◆ MATERIAL SUPPLIED:
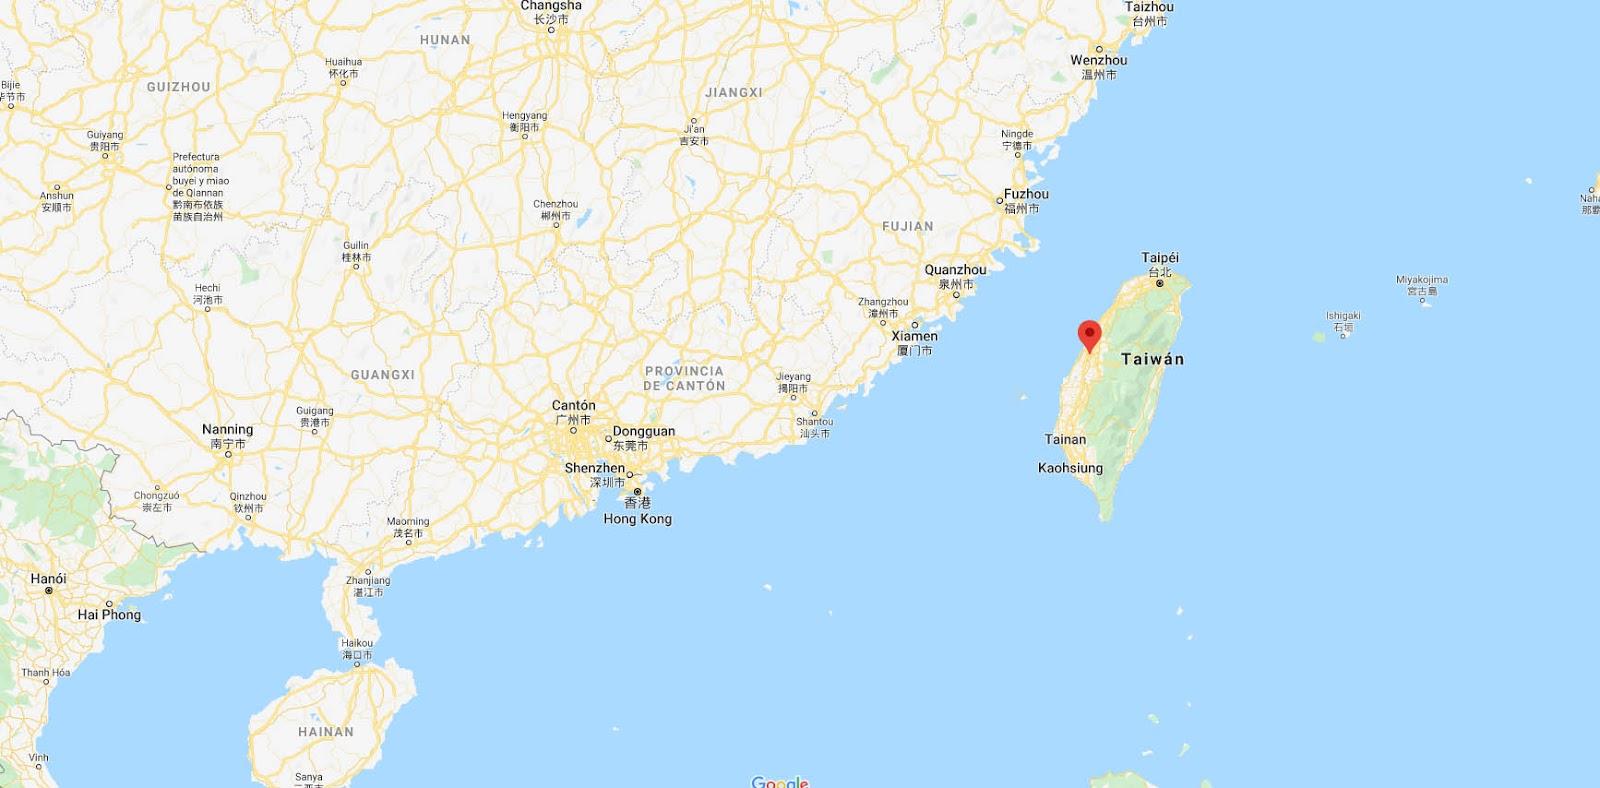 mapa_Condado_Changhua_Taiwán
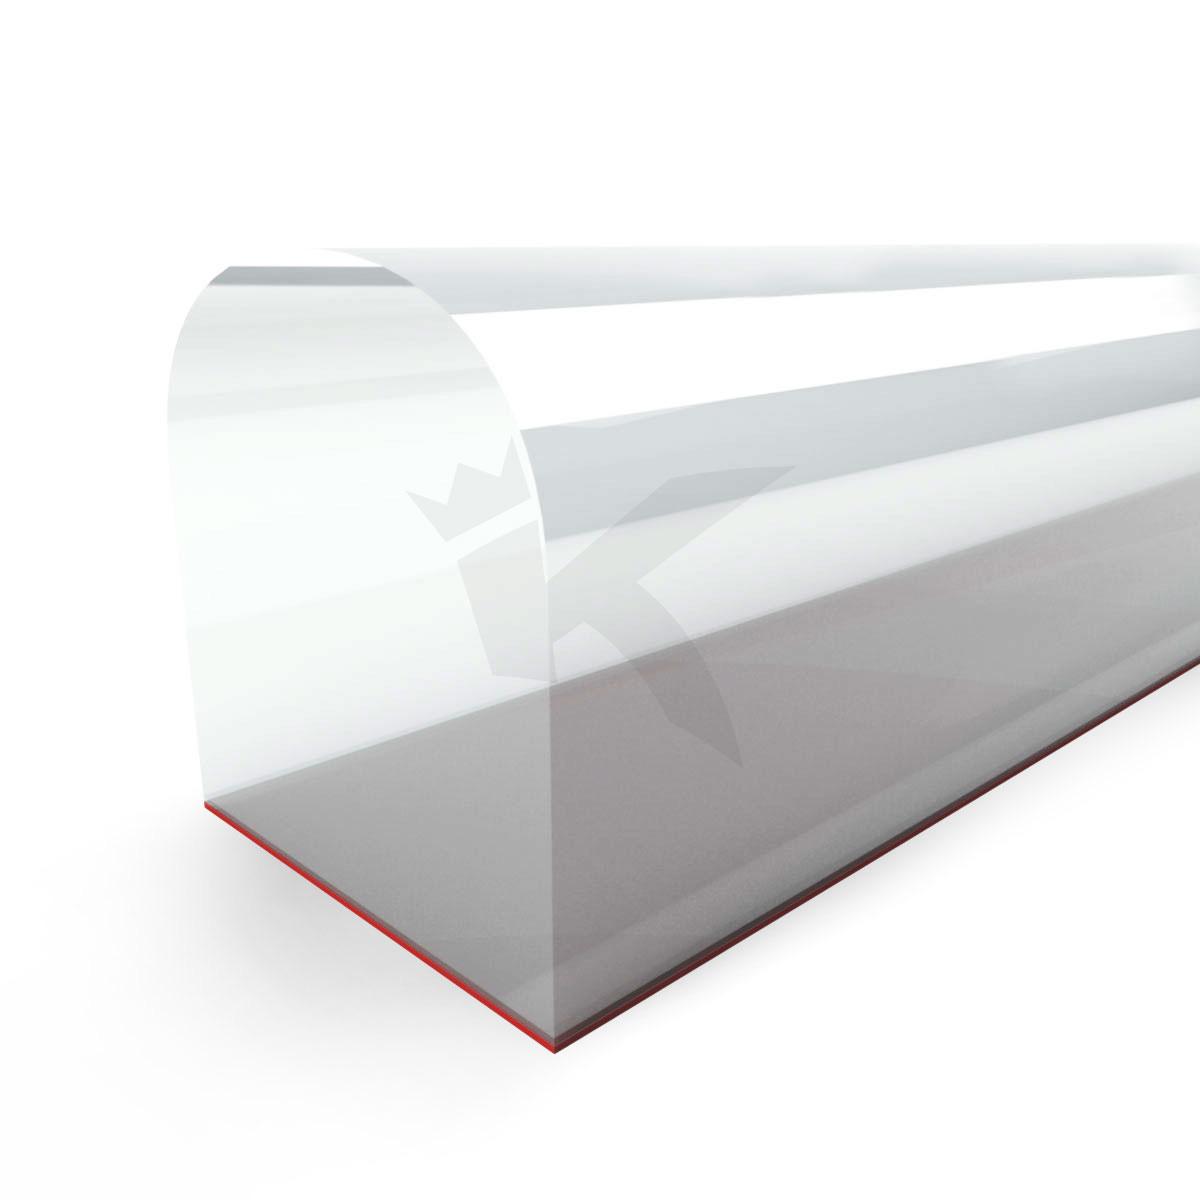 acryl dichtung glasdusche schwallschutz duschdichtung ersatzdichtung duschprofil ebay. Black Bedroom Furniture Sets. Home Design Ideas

* * *

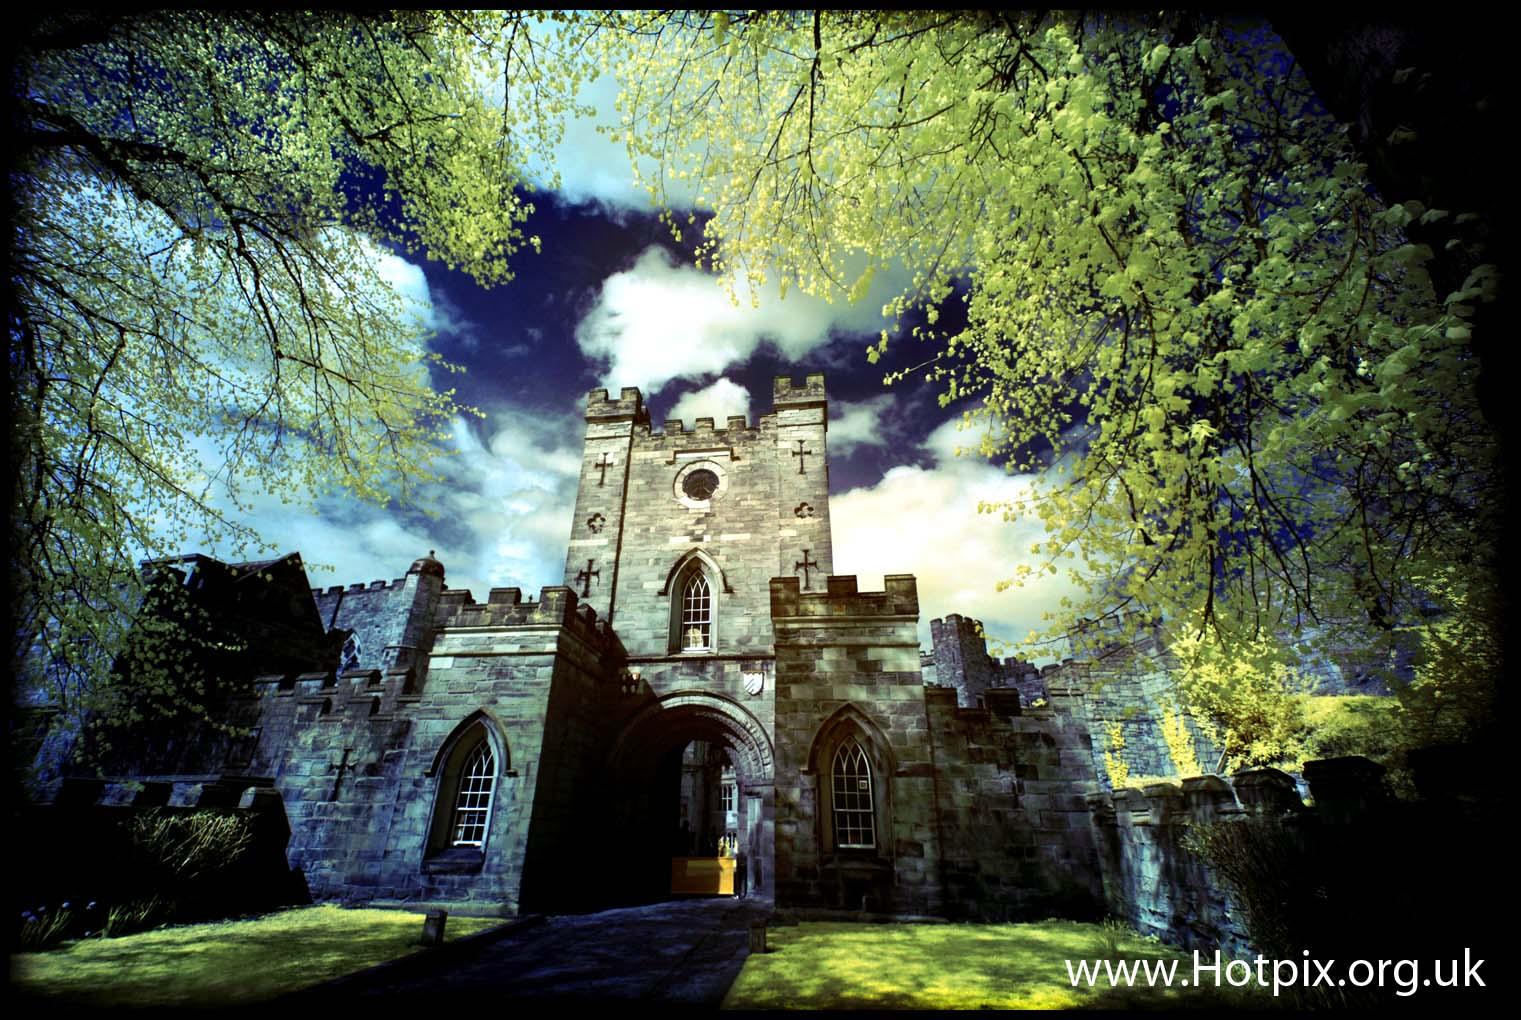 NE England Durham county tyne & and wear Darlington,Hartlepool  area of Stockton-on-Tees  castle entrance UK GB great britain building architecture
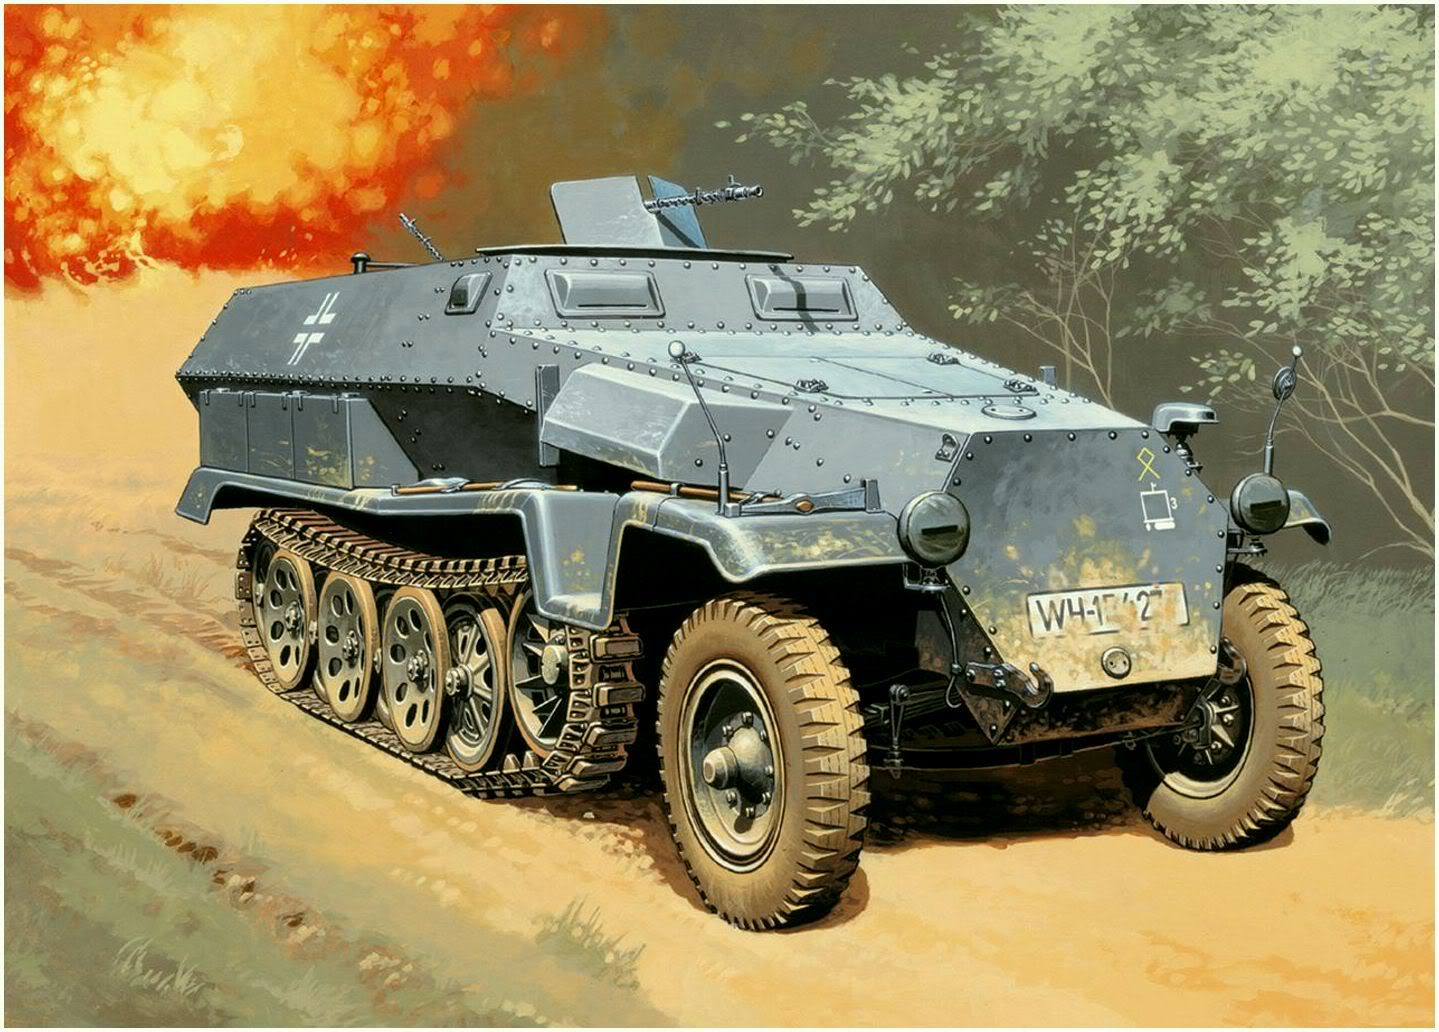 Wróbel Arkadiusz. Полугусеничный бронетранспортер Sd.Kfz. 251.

◆ INSTRUCTIONS FOR THE TASK:
Retype, exactly and with no pictures, everything above from the line with "NE England Durham" down to the line with "Wróbel Arkadiusz. Полугусеничный", both included.

◆ RESPONSE:
 NE England Durham county tyne & and wear Darlington,Hartlepool  area of Stockton-on-Tees  castle entrance UK GB great britain building architecture
 Wróbel Arkadiusz. Полугусеничный бронетранспортер Sd.Kfz. 251.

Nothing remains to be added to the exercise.